Candeloro's signature move, in which he spins and drops to his knees on the ice, is not allowed in amateur competition. He developed the spin accidentally when he slipped to his knees during a scratch spin. In the 1994–95 season, Candeloro included his signature spin in his Godfather program. The International Skating Union (ISU), the organization that regulates figure skating, had ruled that skaters had to execute only movements that were done with both skates on the ice during competitions. At Skate America in 1993, Candeloro protested the rule change by standing still in front of the judges instead of entering into the scratch spin, and twirled his hand to indicate the forbidden element. Ellyn Kestnbaum called the gesture "a sarcastic comment on the framing structure of competitive rules".
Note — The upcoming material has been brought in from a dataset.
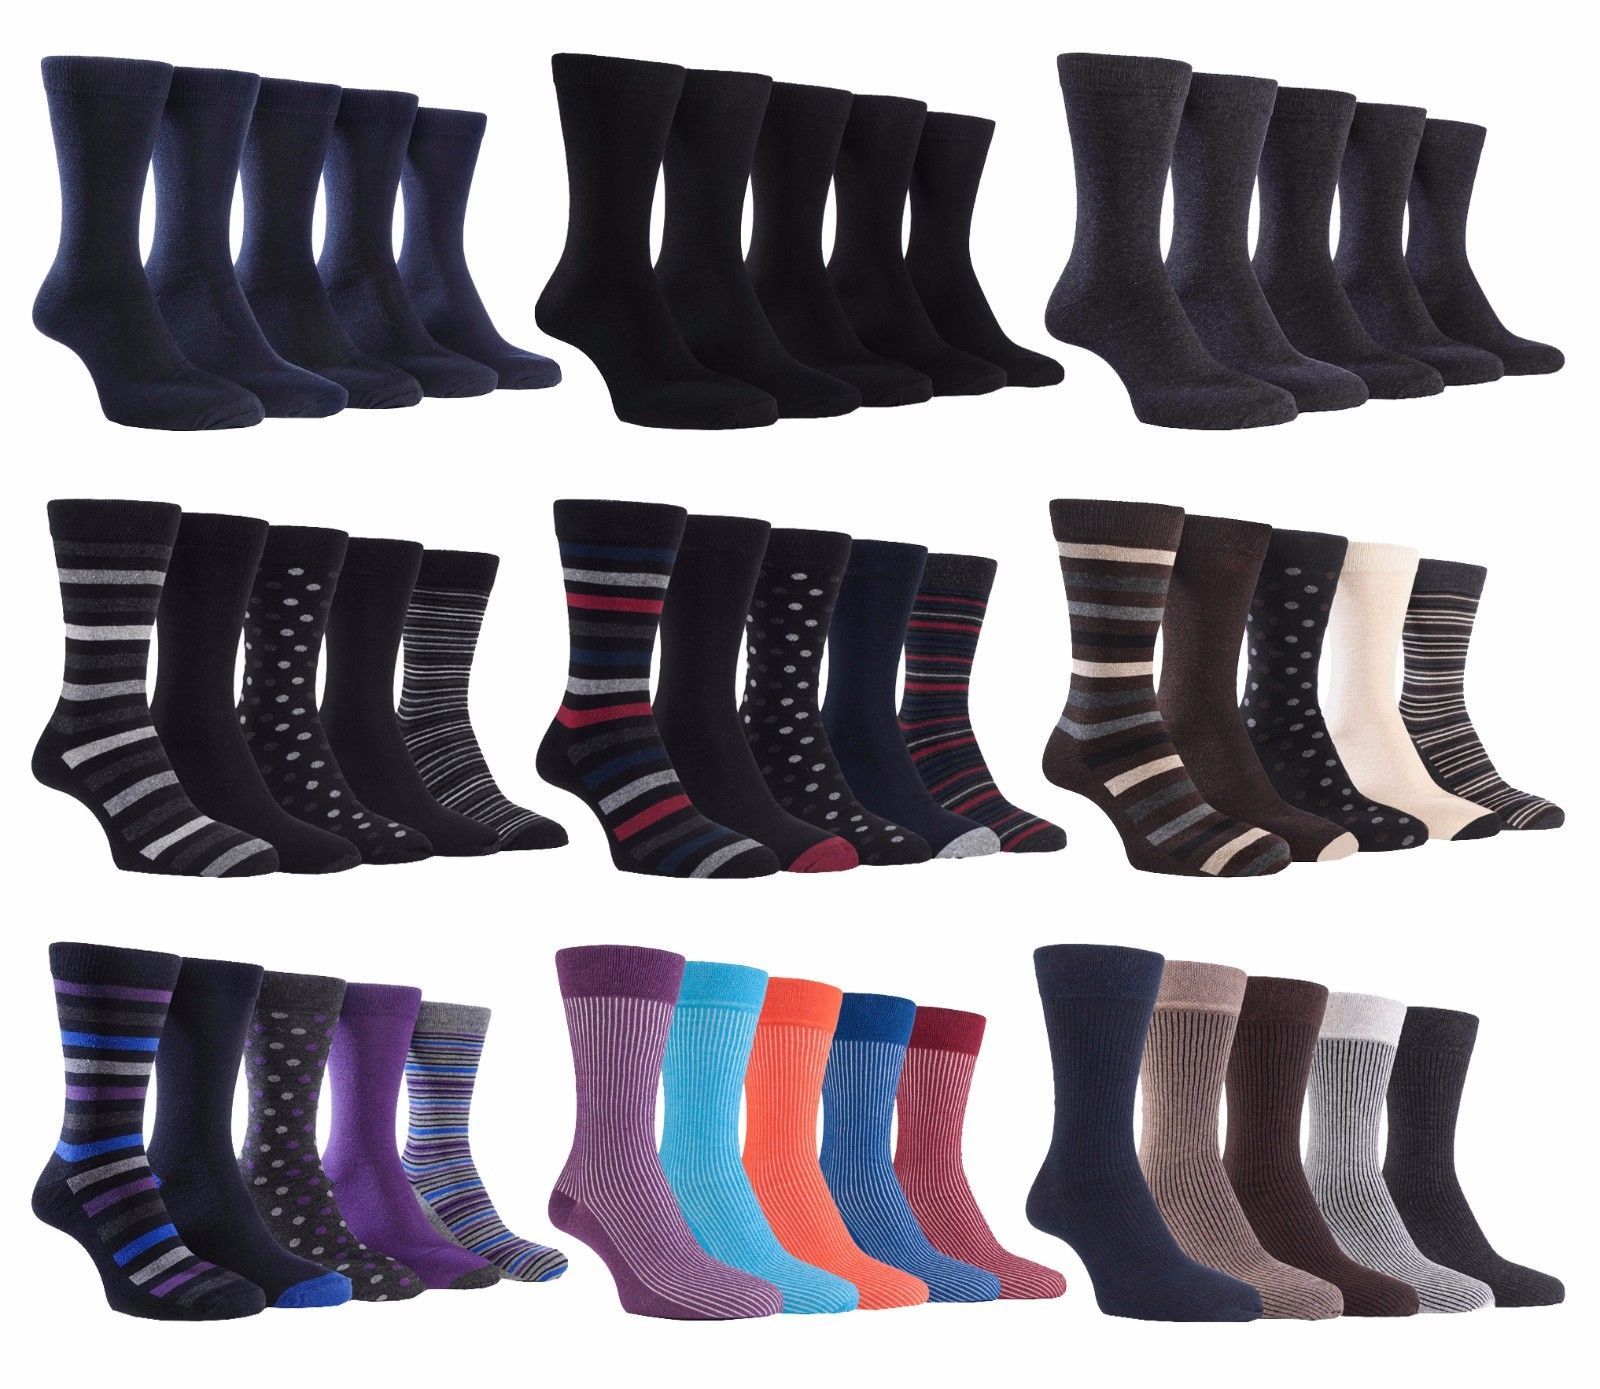 Farah - 5 Pack Mens Thin Soft Top Patterned Colorful Cotton Casual Dress Socks

Candeloro has worked as a sports journalist. During the 2006 Olympics, Candeloro stirred controversy by commenting that Olympic champion Shizuka Arakawa was "worth a bowl of rice" after rising from third place to win the gold medal. Apologizing to the Japanese ambassador to France, Hiroshi Hirabayashi, who was unaware of the comment, French public television stated, "We were taken aback by the comment." In 2014, Candeloro and his co-commentator Nelson Montfort were criticized for some of their comments on female skaters at the Sochi Olympics. In March 2014, the Conseil supérieur de l'audiovisuel issued a warning to the broadcaster, France Télévisions, stating that some comments were "inappropriate" and "reflected sexist prejudice". Kestnbaum reports that Candeloro has "explicitly stated" that he chose to play characters in his programs "in part to deflect charges of effeminacy".
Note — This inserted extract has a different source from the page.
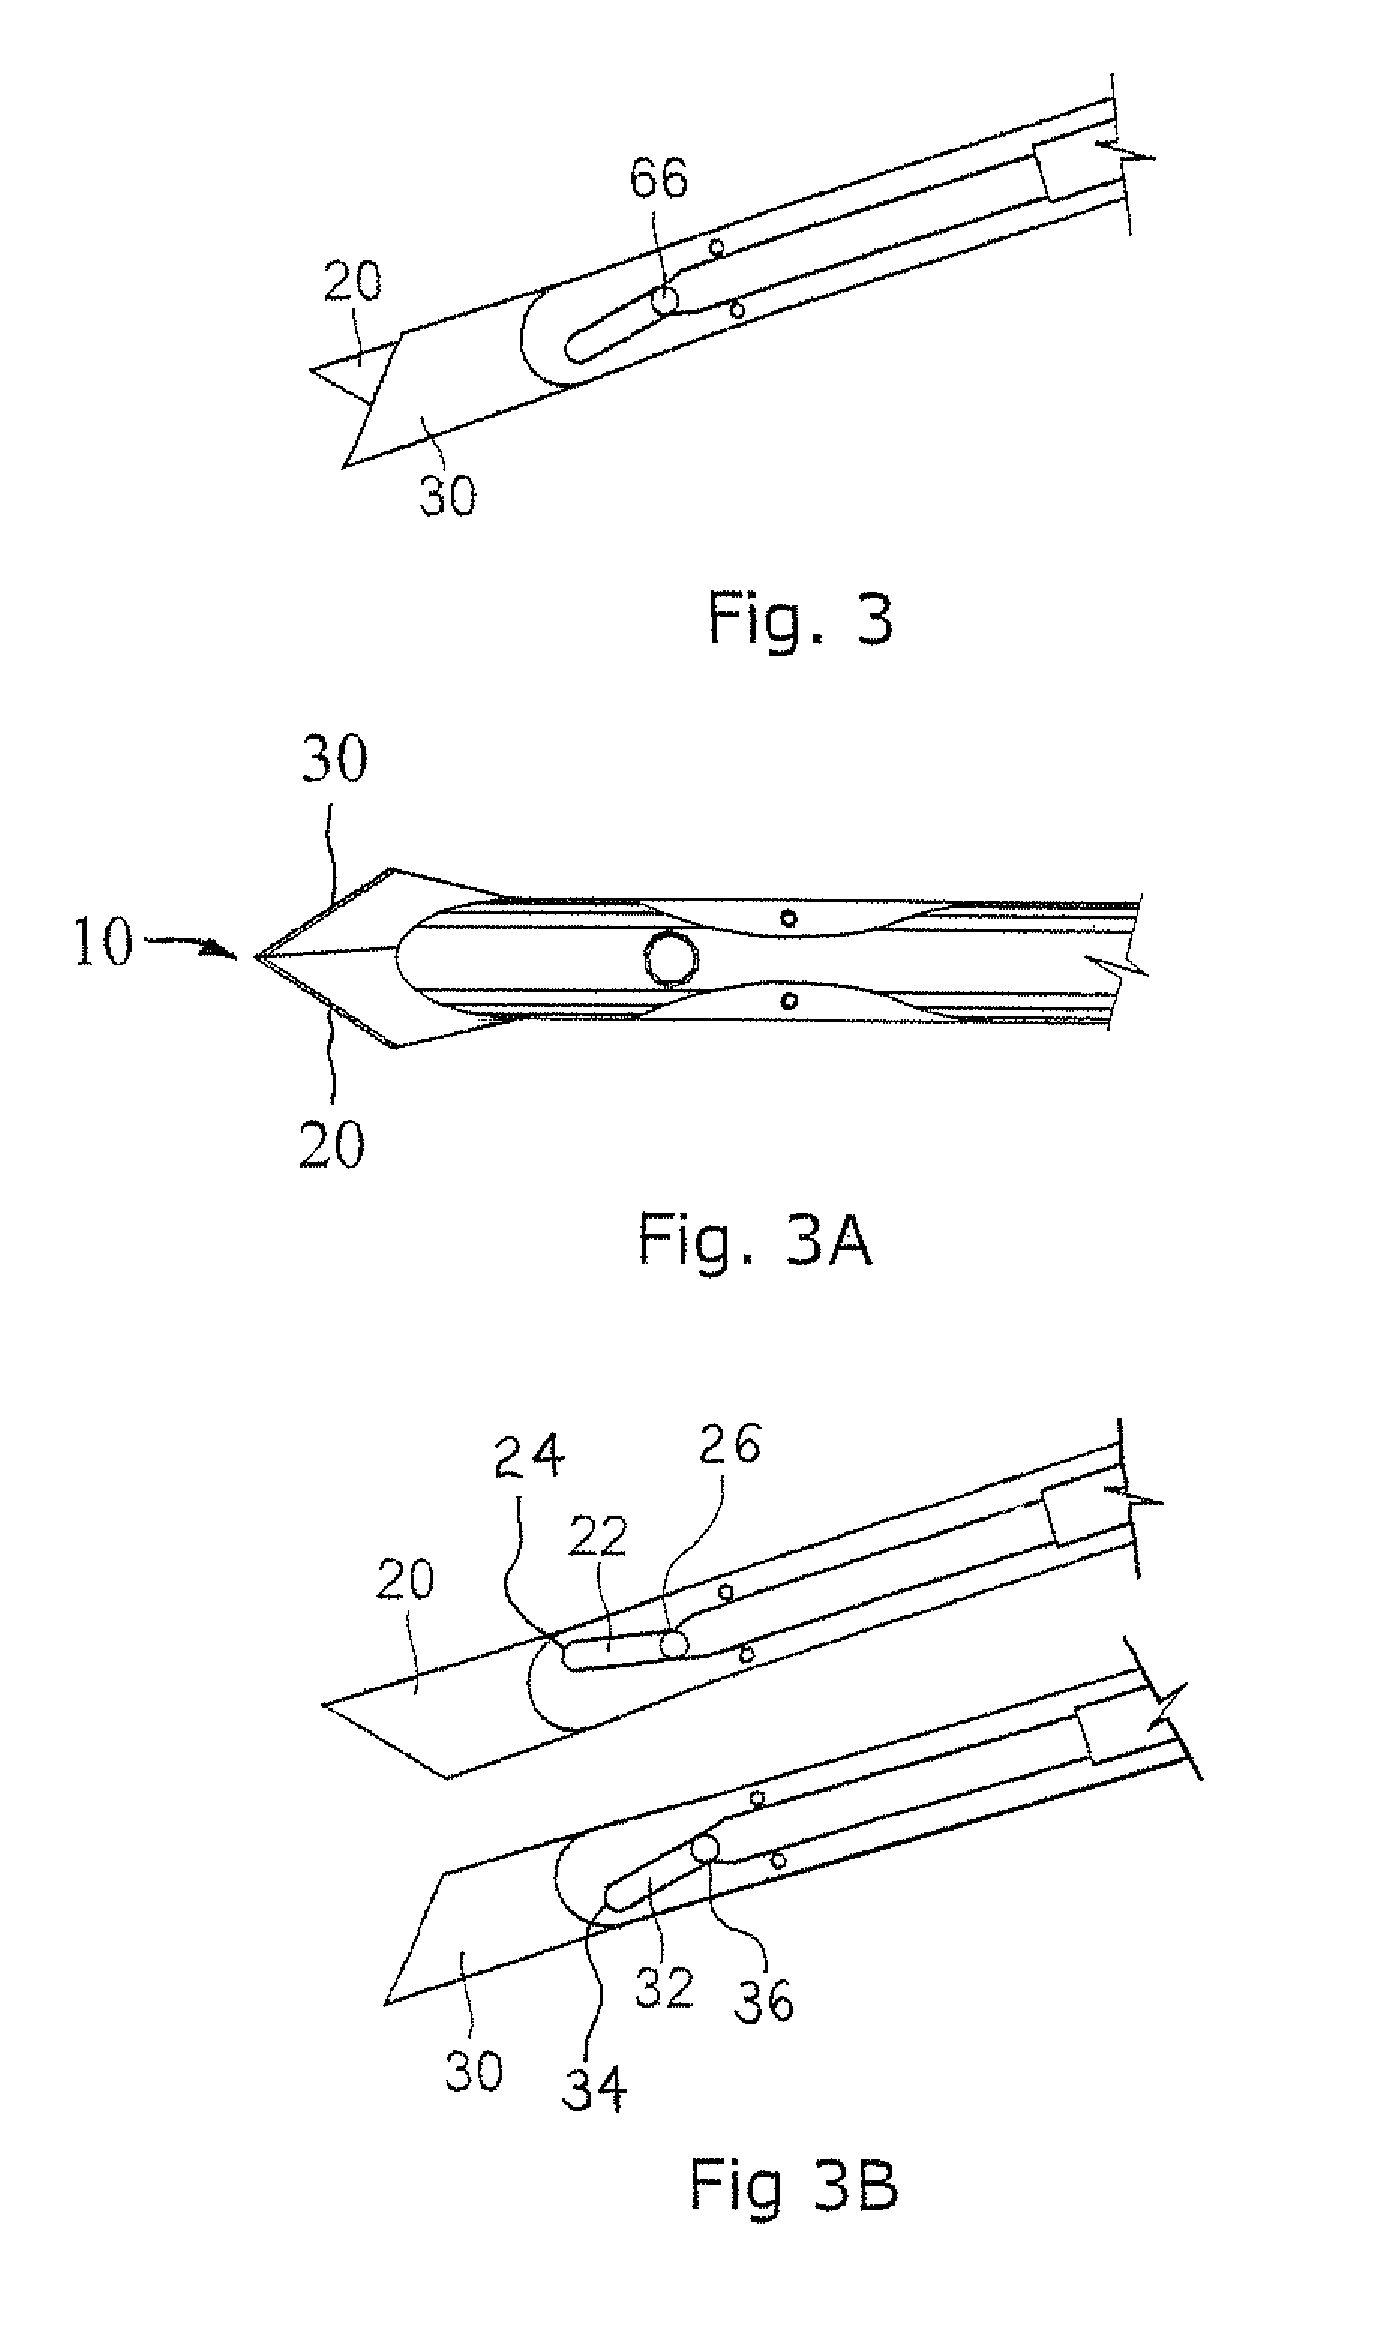 Multi-functional double bladed surgical tool

Candeloro is known to be a big fan of Japanese figure skater Mao Asada, calling himself her "godfather".

== Other ==
In 2011, he was one of the contestants during the second season of Danse avec les stars, the French version of the Strictly Come Dancing franchise. In 2008, Candeloro was involved in the development of a rose bearing his name with Lyonnais rose breeder Jean-Pierre Guillot.

The municipal ice rink in his hometown of Colombes was renamed in Candeloro's honor in 2018, although it was closed by the city's next mayor in 2024, against his protests.

==Personal life==
Candeloro is married to ballet dancer Olivia Darmon, with whom he has three daughters: Luna Nizza, Maya Estella and Thalia Soleya. He was introduced to his future wife by the choreographer of his 1994 Olympic program, Natasha Dabadie. He speaks several languages besides French, including English and Italian.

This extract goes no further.